Among the other issues on which the three Agencies sought comments were the following:
- Whether a plan issuer or carrier should be required to provide a copy of the AEOB that was furnished to the individual to the provider or facility that provided the GFE to the plan, issuer, or carrier.
- What burdens or barriers would be placed on plans, issuers, and carriers if they implemented a provision of the relevant laws permitting individuals to make a request for an AEOB directly to a plan, issuer, or carrier?
- What approaches should be considered when proposing requirements for AEOBs and GFEs that take account of secondary and tertiary payers and unique benefit designs, such as account-based plans?

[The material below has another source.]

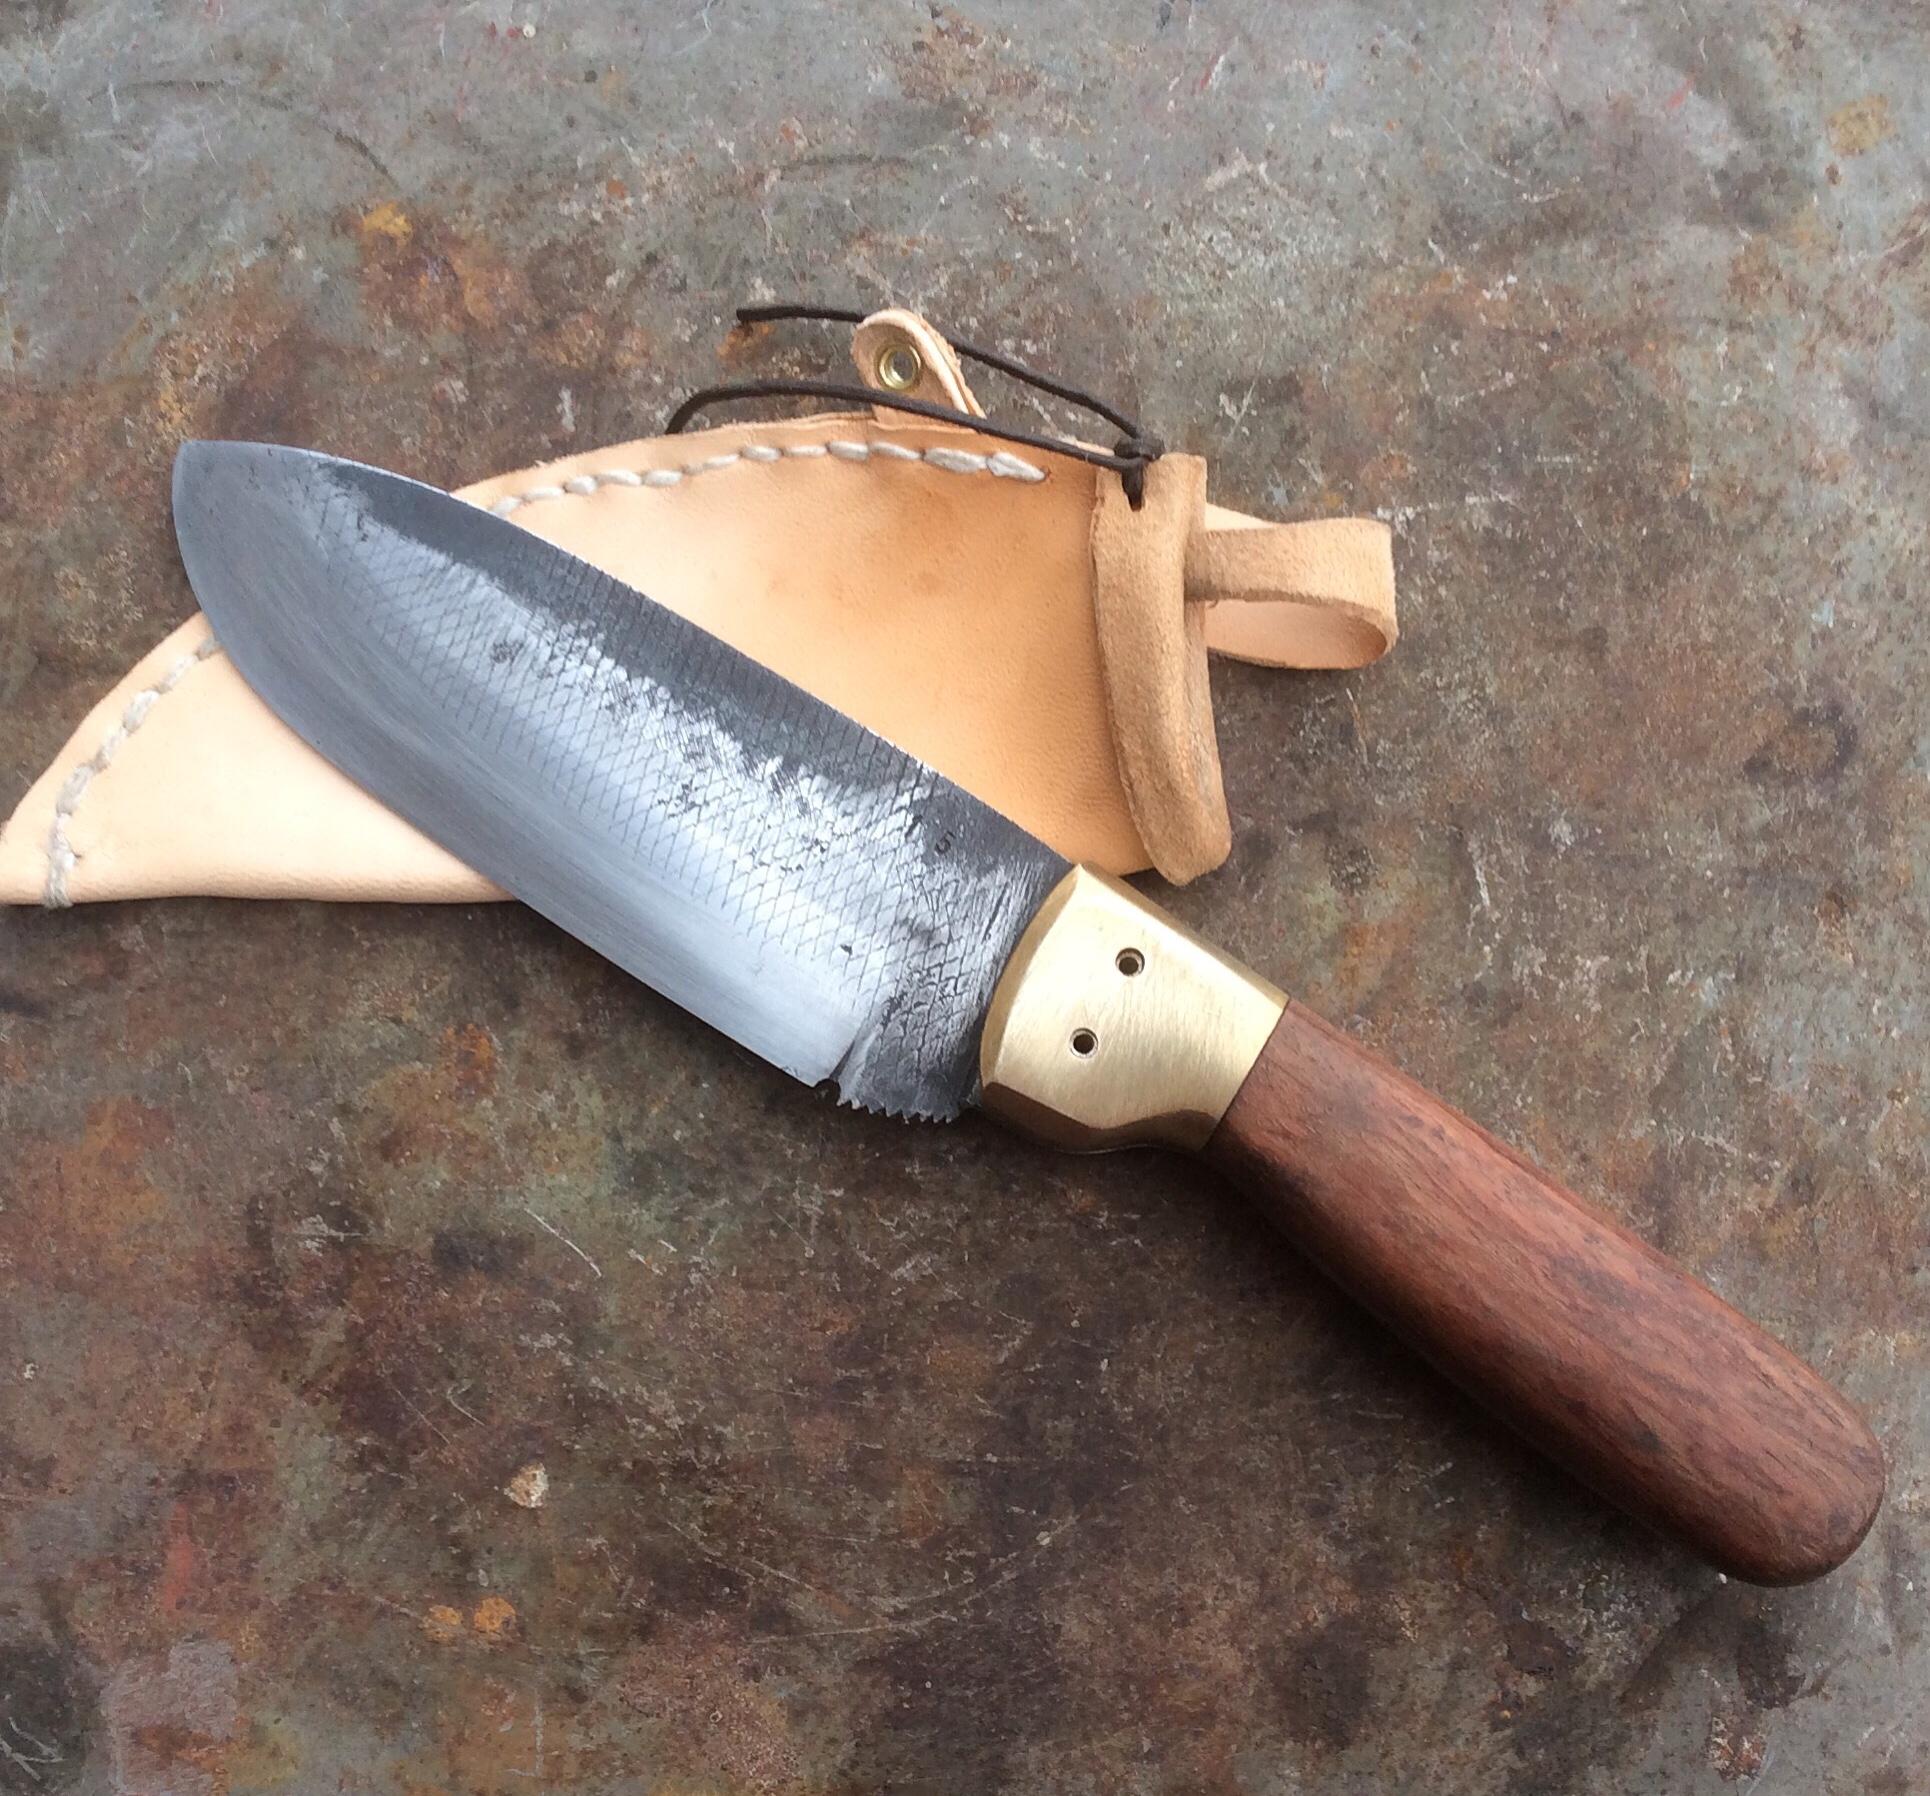 Handgesmeed mes van een oude rasp.

- Whether a diagnosis code should be required for the calculation of the AEOB.
- Whether the provider or facility should verify the individual’s enrollment status in a health plan or coverage for the scheduled (or requested) items or services.
A request by government agencies for comments on a particular issue or issues is not always the first step in the issuance of regulatory guidance, but the request does indicate the type of difficult implementation issues that the three Agencies, as well as the Office of Personnel Management, are presently interested in addressing in some fashion. It will be interesting to see what comments the Agencies receive, and what regulations result from their inquiry. Regardless, it is clear that the Administration is prioritizing advance cost estimate disclosures so that all Americans can make informed decisions regarding health care, especially those in marginalized populations.